Default NACL allows all inbound and outbound traffic.
All subnets created are assigned this default NACL.
We can create new custom NACLs and change the association from default to custom NACL at subnet level.
By default a custom NACL DENYs all inbound and outbound traffic.
A subnet can have only one NACL associated at any given time unlike Security Groups, where multiple SGs can be assigned to an EC2 instance
One NACL can be associated with multiple subnets.
Example: The default NACL is assigned whenever a new subnet is created
Rules are evaluated starting with the lowest numbered rule. As soon as a rule matches traffic, it’s applied regardless of any higher-numbered rule that may contradict it.

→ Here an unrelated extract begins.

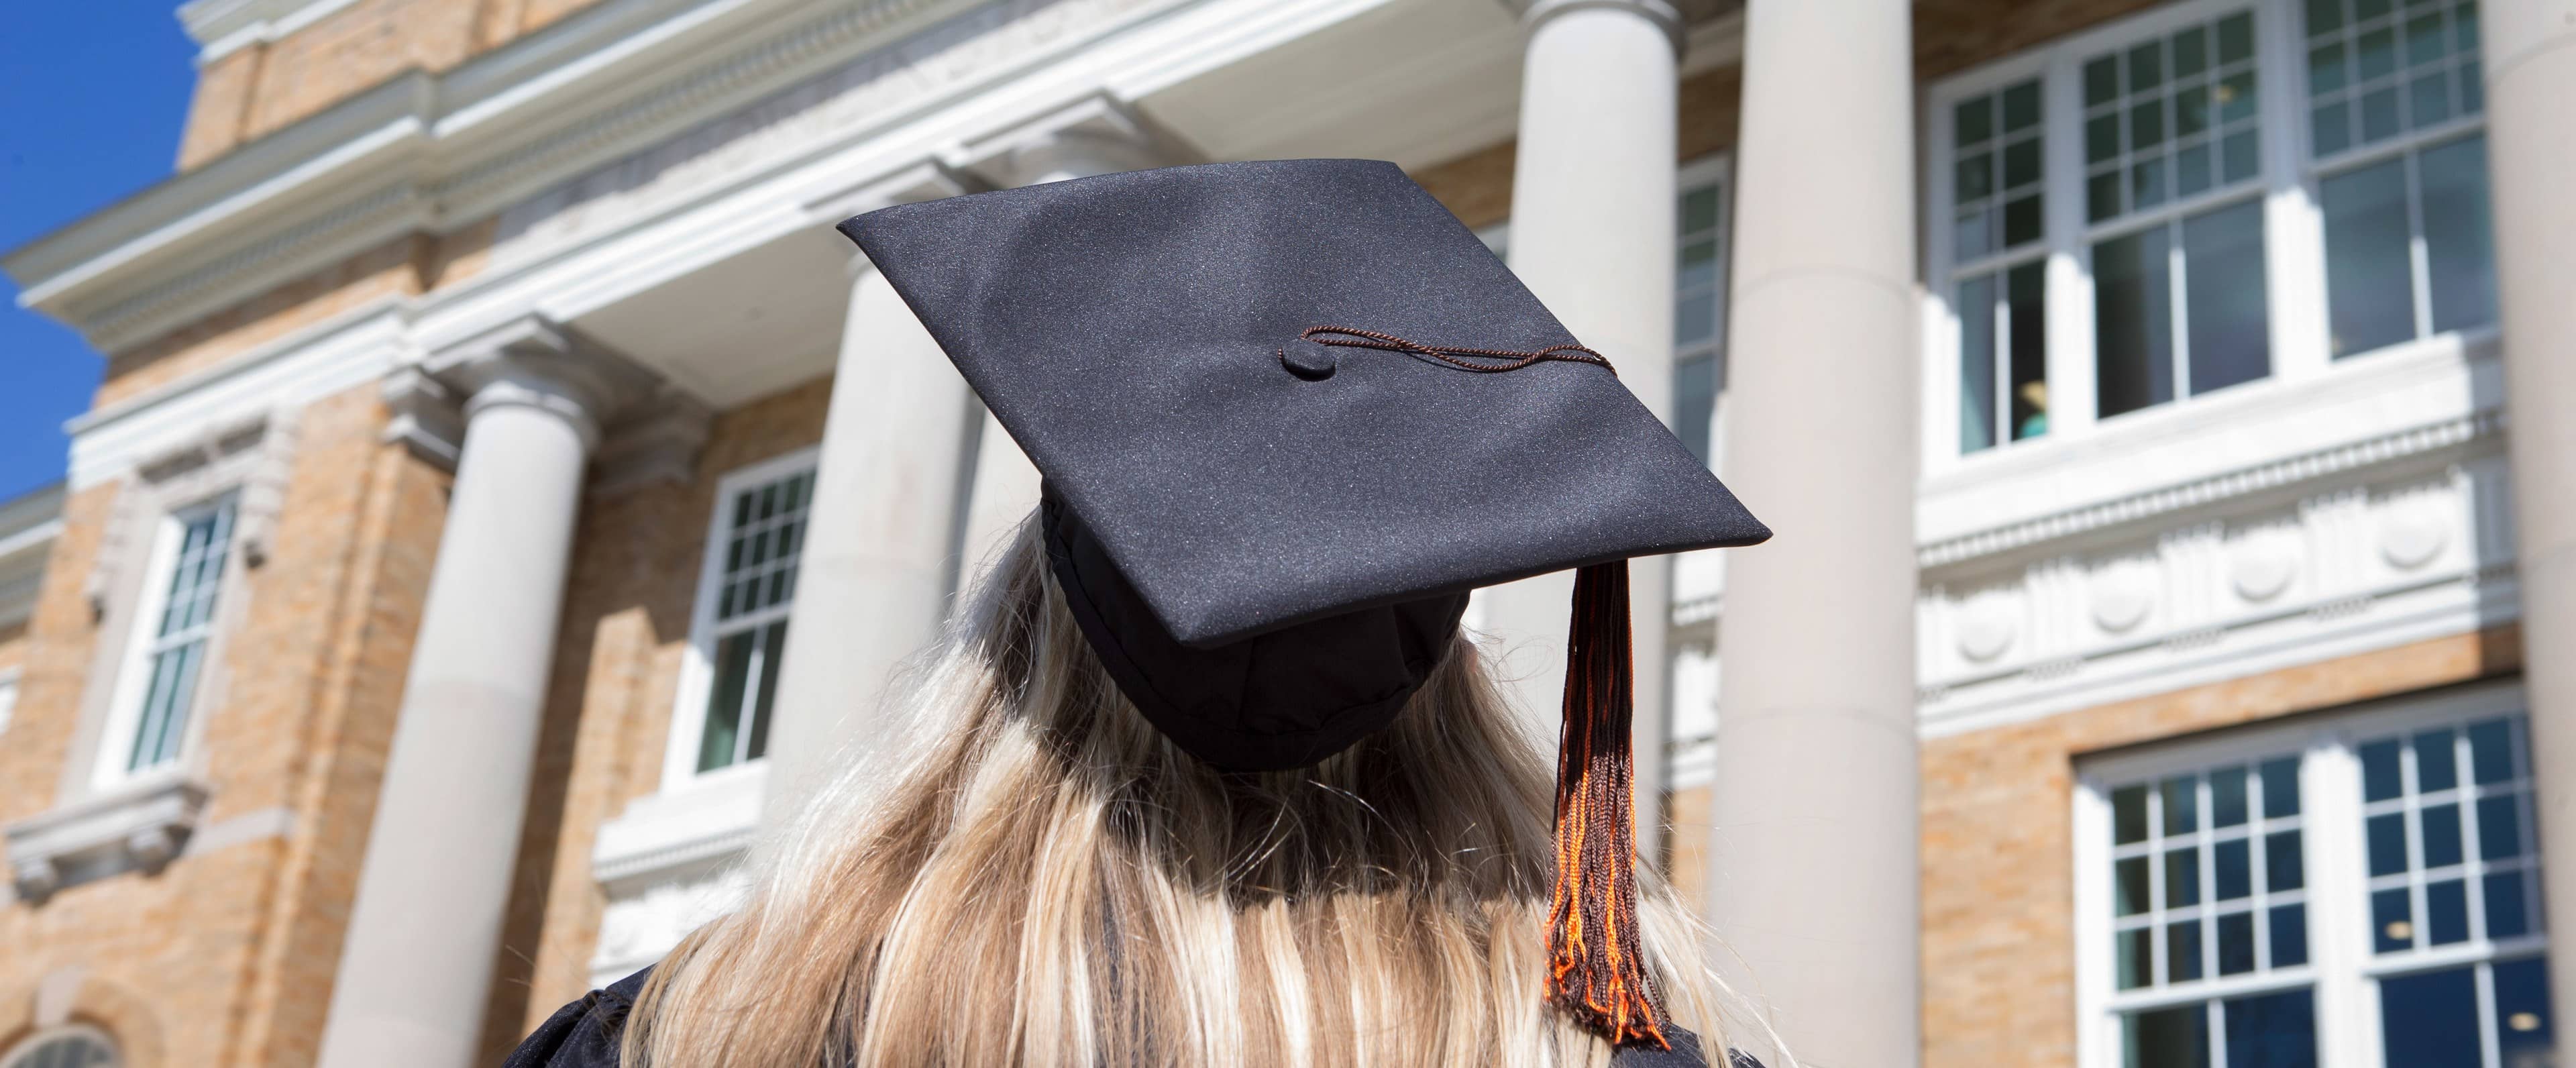 BGSU to host fall commencement on Dec  9 10

NACLs rules are applied first before applying security group rules
NACLs are stateless
Example: If you allow HTTP inbound in a NACL, this does not automatically ALLOW HTTP outbound. You need to explicitly ALLOW HTTP outbound as well.
This is different from the security groups, which are stateful. In a SG, Once you allow HTTP inbound (request), the corresponding outbound HTTP (response) is automatically allowed even if there is no such rule created.
Use ephemeral (temporary) ports on outbound rules only
You can DENY (block) ip addresses using NACLs. This is not possible thru SGs. SGs only ALLOW.